También la calidad de educación a la que podrá acceder su hijo y las oportunidades laborales que se les presentaron todos estos años.

Una agradecida de la vida

Siempre le gustó viajar pero nunca se imaginó viviendo y trabajando en otro país. Cuando sus compañeras de la universidad le decían de ir a España para trabajar por el verano ella respondía "ni loca!", pero con las vueltas de la vida "aquí caí y todo por amor", suspiró.

Entre los recuerdos de su historia de vida y de amor, Fernanda no quiso dejar pasar la oportunidad para reconocer y agradecer el duro trabajo que realizó su marido en sus primeros años de estadía en España, cuando por durante cinco años no pudo volver a Jujuy para ver a su familia.

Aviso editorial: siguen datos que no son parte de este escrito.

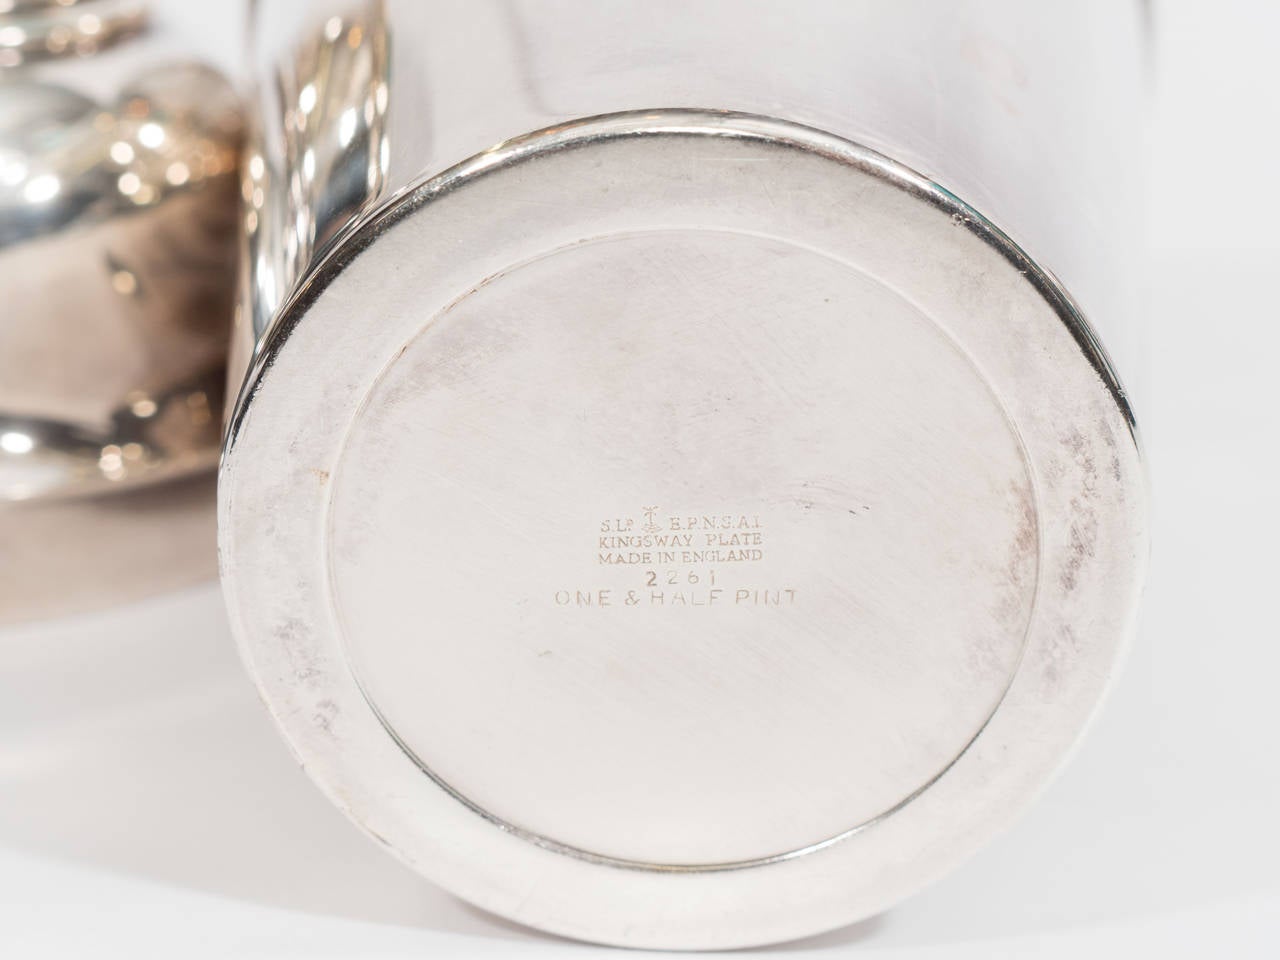 A vintage English silver plate cocktail shaker with lemon squeezer. Marked Kingsway plate; one and a half pint shaker.

Good vintage condition with age appropriate wear.

Sin embargo destacó que todo su esfuerzo y sacrificio le permitió a ella llegar a ese nuevo país con un camino ya marcado: "vine bien y tuve suerte, aunque no es todo color de rosas, es mucho el camino que hay que recorrer en lo que respecta a los papeles y todo lo consiguió él, por lo que estoy muy agradecida".

Así, con 37 años Fernanda es muy feliz en la provincia de Almería y hoy se define como una "renegada" que todavía se resiste a cambiar su nacionalidad, un trámite que su marido ya realizó. Esto tiene que ver con ese fuerte sentimiento por sus raíces y el amor a su país, el que todavía alberga a sus seres más amados y al que no deja de pensar como un futuro hogar.